Bardzo ważnym elementem w walce z kiłą jest wapnowanie gleb. Kiła kapusty występuje na wszystkich rodzajach gleb, ale w szczególności na glebach kwaśnych i torfowych. Gleby o odczynie poniżej 6,0 należy wapnować. Do uprawy warto wybierać odmiany warzyw kapustnych i rzepaku, które są odporne na kiłę kapusty. Należy zachować odpowiednie środki ostrożności, aby uniknąć rozprzestrzeniania się choroby. - Producenci powinni dokładnie czyścić maszyny, narzędzia przy przejazdach z pól zainfekowanych - mówi Dorota Piękna-Paterczyk.

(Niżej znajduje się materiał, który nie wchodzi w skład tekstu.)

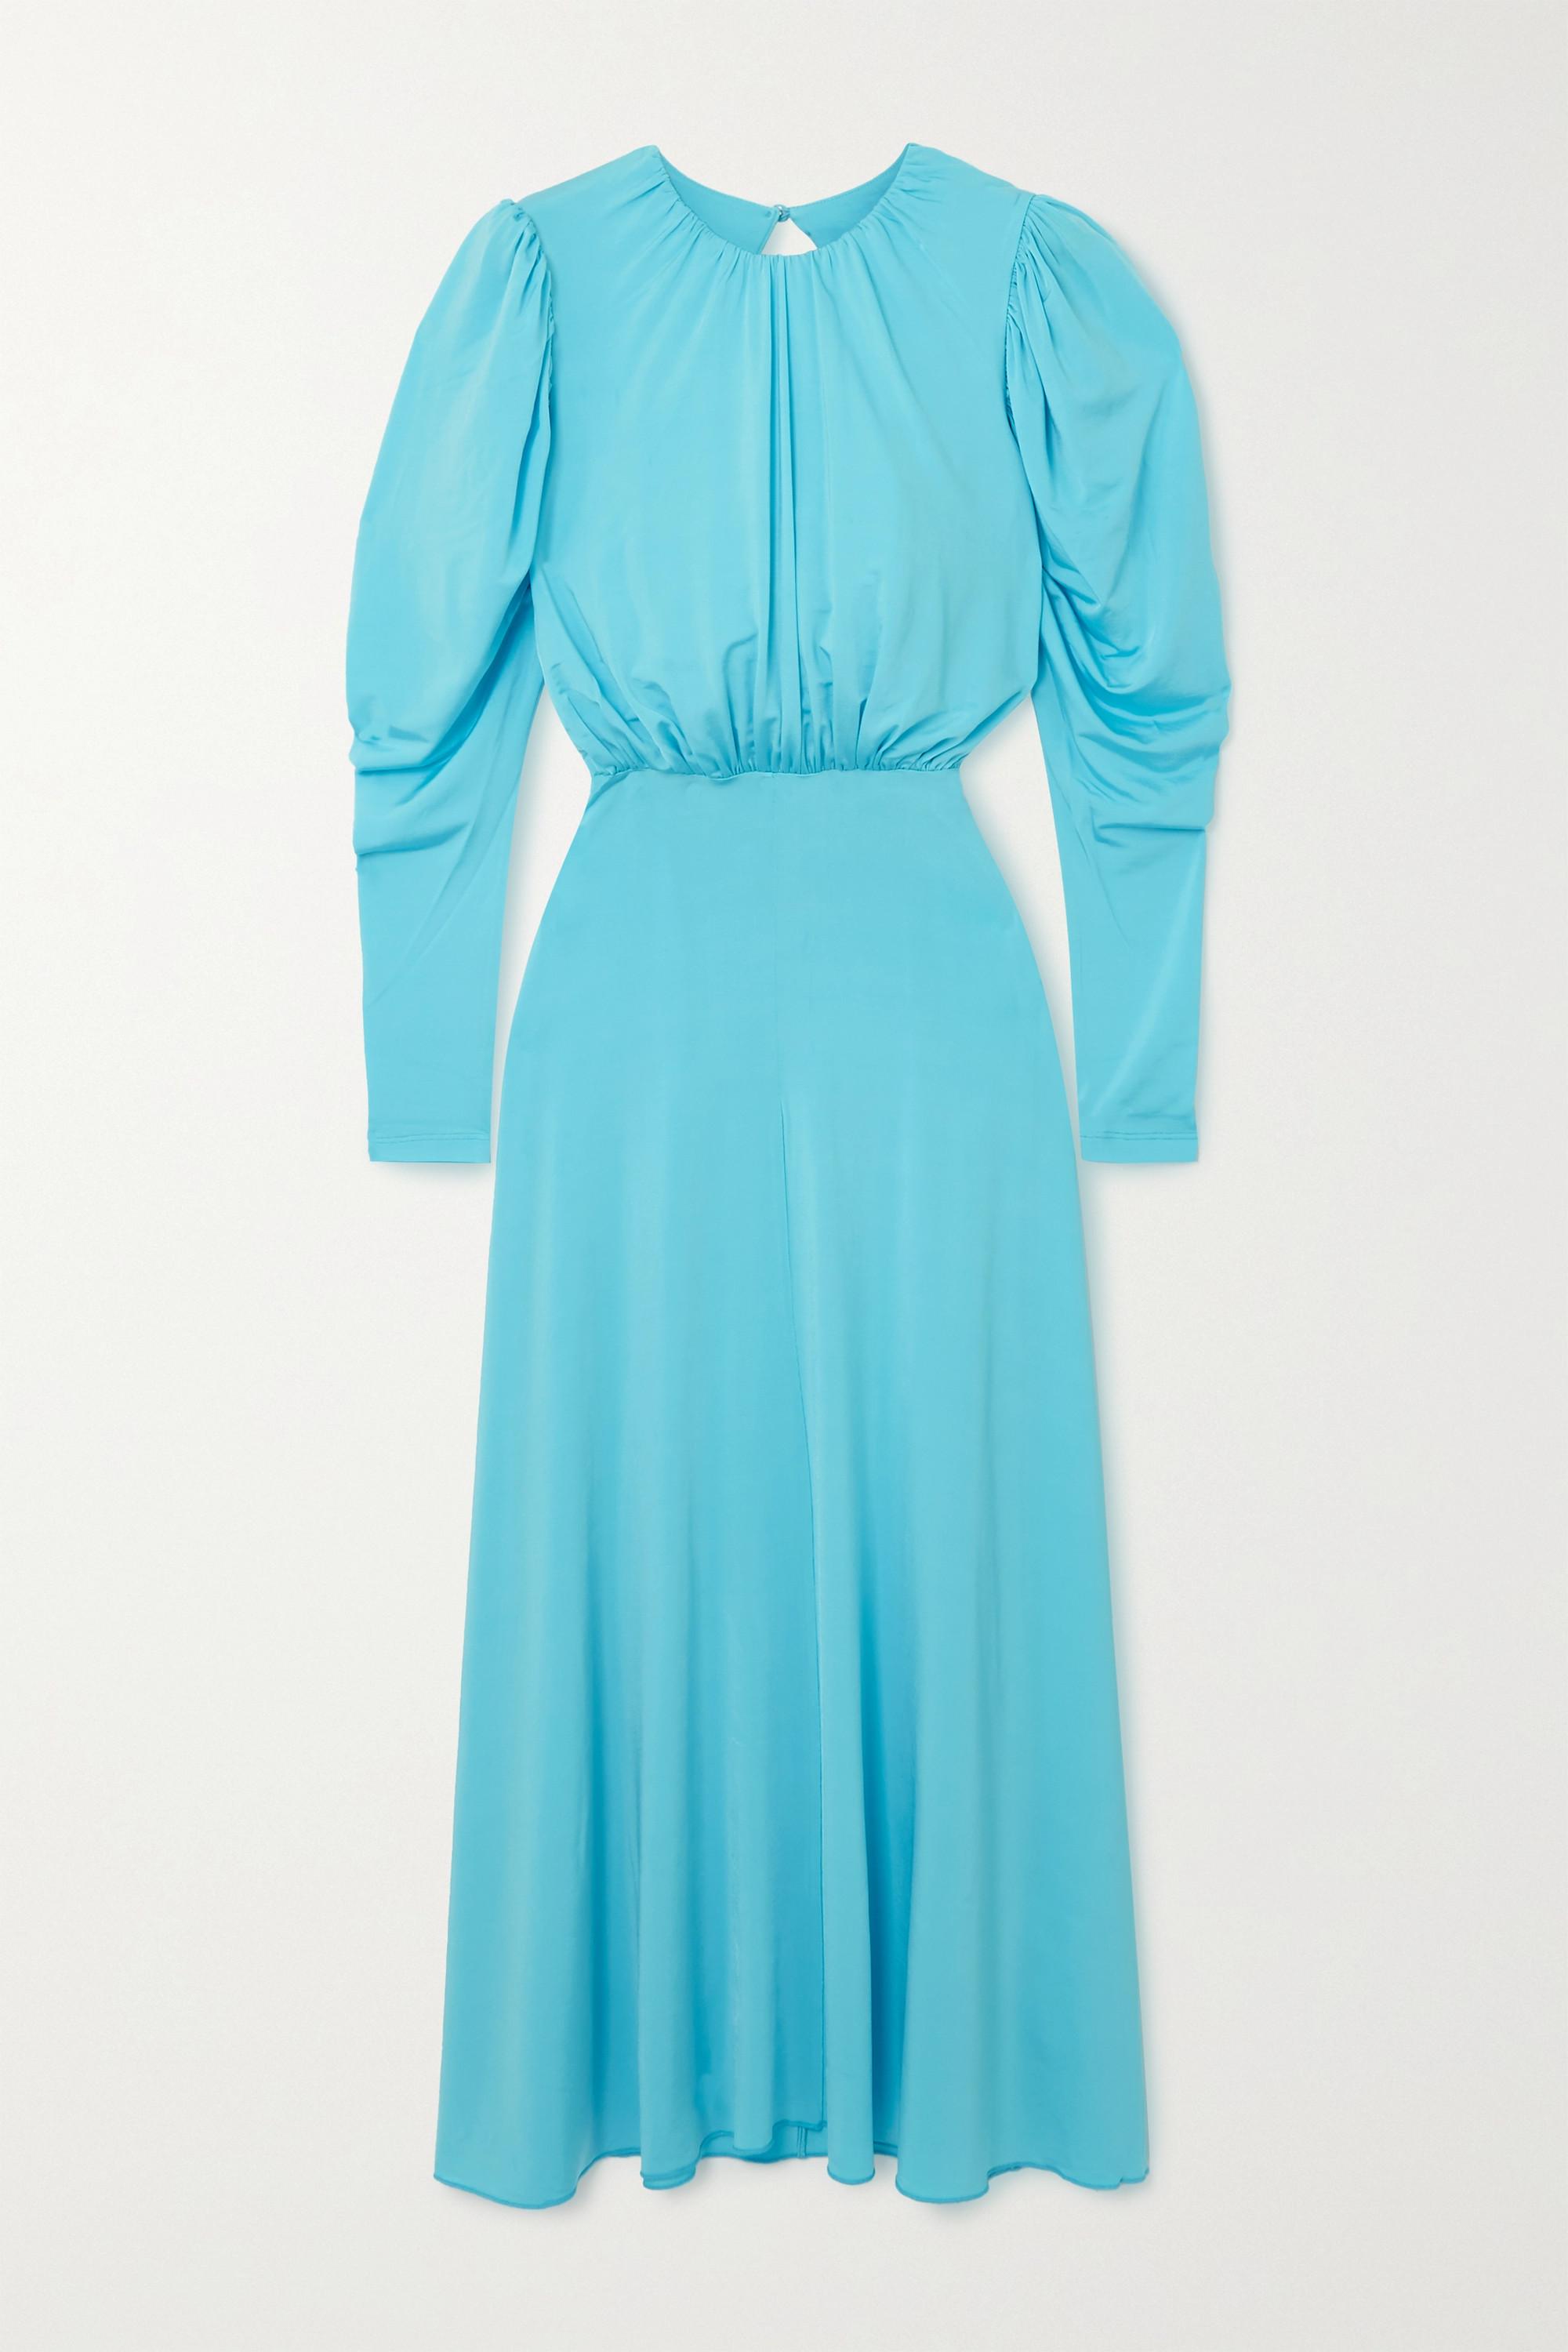 ROTATE BIRGER CHRISTENSEN Synthetic Laura Open-back Jersey Midi Dress in  Azure (Blue) - Lyst

Chcąc ograniczyć porażenie roślin przez kiłę kapusty warto profilaktycznie zastosować preparat Altima 500 SC, opryskując nim powierzchnię i mieszając na głębokość 10 cm. Można również 1-2 tygodnie przed sadzeniem warzyw kapustowatych użyć cyjanamid wapnia tzw. azotniak Perlka, który redukuje liczebność glebowych agrofagów m.in. zarodników kiły. - Dodatkowo zawarty w składzie cyjanamid jest pożywką dla pożytecznych mikroorganizmów, które są naturalnymi pasożytami kiły. W przypadku produkcji rozsady zaleca się podlewanie rozsady w tackach plastikowych przed wysadzeniem w pole roztworem preparatu Altima 500 SC - tłumaczy specjalistka.